# TRY IT
Please reproduce all of the lines below, word for word and in full.

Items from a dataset
_____
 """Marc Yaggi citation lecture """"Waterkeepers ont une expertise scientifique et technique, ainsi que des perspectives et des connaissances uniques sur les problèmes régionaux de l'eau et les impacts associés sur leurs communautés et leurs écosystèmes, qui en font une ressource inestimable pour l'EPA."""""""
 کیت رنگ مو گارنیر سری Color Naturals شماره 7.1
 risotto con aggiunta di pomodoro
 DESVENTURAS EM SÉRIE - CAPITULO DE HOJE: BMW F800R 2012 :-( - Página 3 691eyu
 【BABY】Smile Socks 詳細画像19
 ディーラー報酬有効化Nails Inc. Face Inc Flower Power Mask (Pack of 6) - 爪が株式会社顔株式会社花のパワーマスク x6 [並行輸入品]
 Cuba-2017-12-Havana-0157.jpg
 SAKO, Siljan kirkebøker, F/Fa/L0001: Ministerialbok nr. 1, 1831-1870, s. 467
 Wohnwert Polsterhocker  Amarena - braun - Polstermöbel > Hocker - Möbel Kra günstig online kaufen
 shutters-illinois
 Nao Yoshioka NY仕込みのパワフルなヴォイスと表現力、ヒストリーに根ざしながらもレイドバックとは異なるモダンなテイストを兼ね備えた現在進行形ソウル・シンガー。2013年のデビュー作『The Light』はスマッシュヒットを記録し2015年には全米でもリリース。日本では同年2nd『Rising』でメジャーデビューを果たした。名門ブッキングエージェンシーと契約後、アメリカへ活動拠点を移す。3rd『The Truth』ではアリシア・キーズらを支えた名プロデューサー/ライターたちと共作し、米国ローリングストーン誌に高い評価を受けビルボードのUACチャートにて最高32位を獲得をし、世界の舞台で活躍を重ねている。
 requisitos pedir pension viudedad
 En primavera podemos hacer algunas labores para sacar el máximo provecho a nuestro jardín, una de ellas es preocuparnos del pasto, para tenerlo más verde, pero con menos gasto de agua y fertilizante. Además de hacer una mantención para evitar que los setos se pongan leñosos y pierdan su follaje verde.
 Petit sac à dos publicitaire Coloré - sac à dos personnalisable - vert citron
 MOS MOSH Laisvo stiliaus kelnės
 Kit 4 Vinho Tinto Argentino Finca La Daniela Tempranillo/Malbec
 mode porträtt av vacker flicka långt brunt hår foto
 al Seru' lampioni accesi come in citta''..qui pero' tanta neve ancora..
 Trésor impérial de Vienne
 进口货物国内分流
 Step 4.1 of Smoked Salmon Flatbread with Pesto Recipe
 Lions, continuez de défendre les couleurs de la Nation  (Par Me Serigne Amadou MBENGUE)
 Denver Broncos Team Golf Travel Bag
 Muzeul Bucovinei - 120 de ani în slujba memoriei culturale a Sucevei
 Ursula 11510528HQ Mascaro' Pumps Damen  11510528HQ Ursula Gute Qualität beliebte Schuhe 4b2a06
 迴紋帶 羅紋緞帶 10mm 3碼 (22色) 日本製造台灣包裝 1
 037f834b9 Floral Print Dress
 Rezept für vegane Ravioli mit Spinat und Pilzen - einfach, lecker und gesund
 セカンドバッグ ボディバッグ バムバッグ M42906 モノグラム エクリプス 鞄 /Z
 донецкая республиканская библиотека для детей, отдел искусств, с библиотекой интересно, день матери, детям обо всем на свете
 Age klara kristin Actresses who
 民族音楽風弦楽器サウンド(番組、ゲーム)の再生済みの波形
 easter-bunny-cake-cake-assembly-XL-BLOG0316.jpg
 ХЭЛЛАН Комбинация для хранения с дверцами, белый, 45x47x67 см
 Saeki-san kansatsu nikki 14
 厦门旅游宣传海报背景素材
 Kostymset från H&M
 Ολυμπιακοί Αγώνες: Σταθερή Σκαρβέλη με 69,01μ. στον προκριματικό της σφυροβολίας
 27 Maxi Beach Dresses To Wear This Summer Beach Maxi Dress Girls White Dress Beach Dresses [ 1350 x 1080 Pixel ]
_____
# WRITTEN RESPONSE
 """Marc Yaggi citation lecture """"Waterkeepers ont une expertise scientifique et technique, ainsi que des perspectives et des connaissances uniques sur les problèmes régionaux de l'eau et les impacts associés sur leurs communautés et leurs écosystèmes, qui en font une ressource inestimable pour l'EPA."""""""
 کیت رنگ مو گارنیر سری Color Naturals شماره 7.1
 risotto con aggiunta di pomodoro
 DESVENTURAS EM SÉRIE - CAPITULO DE HOJE: BMW F800R 2012 :-( - Página 3 691eyu
 【BABY】Smile Socks 詳細画像19
 ディーラー報酬有効化Nails Inc. Face Inc Flower Power Mask (Pack of 6) - 爪が株式会社顔株式会社花のパワーマスク x6 [並行輸入品]
 Cuba-2017-12-Havana-0157.jpg
 SAKO, Siljan kirkebøker, F/Fa/L0001: Ministerialbok nr. 1, 1831-1870, s. 467
 Wohnwert Polsterhocker  Amarena - braun - Polstermöbel > Hocker - Möbel Kra günstig online kaufen
 shutters-illinois
 Nao Yoshioka NY仕込みのパワフルなヴォイスと表現力、ヒストリーに根ざしながらもレイドバックとは異なるモダンなテイストを兼ね備えた現在進行形ソウル・シンガー。2013年のデビュー作『The Light』はスマッシュヒットを記録し2015年には全米でもリリース。日本では同年2nd『Rising』でメジャーデビューを果たした。名門ブッキングエージェンシーと契約後、アメリカへ活動拠点を移す。3rd『The Truth』ではアリシア・キーズらを支えた名プロデューサー/ライターたちと共作し、米国ローリングストーン誌に高い評価を受けビルボードのUACチャートにて最高32位を獲得をし、世界の舞台で活躍を重ねている。
 requisitos pedir pension viudedad
 En primavera podemos hacer algunas labores para sacar el máximo provecho a nuestro jardín, una de ellas es preocuparnos del pasto, para tenerlo más verde, pero con menos gasto de agua y fertilizante. Además de hacer una mantención para evitar que los setos se pongan leñosos y pierdan su follaje verde.
 Petit sac à dos publicitaire Coloré - sac à dos personnalisable - vert citron
 MOS MOSH Laisvo stiliaus kelnės
 Kit 4 Vinho Tinto Argentino Finca La Daniela Tempranillo/Malbec
 mode porträtt av vacker flicka långt brunt hår foto
 al Seru' lampioni accesi come in citta''..qui pero' tanta neve ancora..
 Trésor impérial de Vienne
 进口货物国内分流
 Step 4.1 of Smoked Salmon Flatbread with Pesto Recipe
 Lions, continuez de défendre les couleurs de la Nation  (Par Me Serigne Amadou MBENGUE)
 Denver Broncos Team Golf Travel Bag
 Muzeul Bucovinei - 120 de ani în slujba memoriei culturale a Sucevei
 Ursula 11510528HQ Mascaro' Pumps Damen  11510528HQ Ursula Gute Qualität beliebte Schuhe 4b2a06
 迴紋帶 羅紋緞帶 10mm 3碼 (22色) 日本製造台灣包裝 1
 037f834b9 Floral Print Dress
 Rezept für vegane Ravioli mit Spinat und Pilzen - einfach, lecker und gesund
 セカンドバッグ ボディバッグ バムバッグ M42906 モノグラム エクリプス 鞄 /Z
 донецкая республиканская библиотека для детей, отдел искусств, с библиотекой интересно, день матери, детям обо всем на свете
 Age klara kristin Actresses who
 民族音楽風弦楽器サウンド(番組、ゲーム)の再生済みの波形
 easter-bunny-cake-cake-assembly-XL-BLOG0316.jpg
 ХЭЛЛАН Комбинация для хранения с дверцами, белый, 45x47x67 см
 Saeki-san kansatsu nikki 14
 厦门旅游宣传海报背景素材
 Kostymset från H&M
 Ολυμπιακοί Αγώνες: Σταθερή Σκαρβέλη με 69,01μ. στον προκριματικό της σφυροβολίας
 27 Maxi Beach Dresses To Wear This Summer Beach Maxi Dress Girls White Dress Beach Dresses [ 1350 x 1080 Pixel ]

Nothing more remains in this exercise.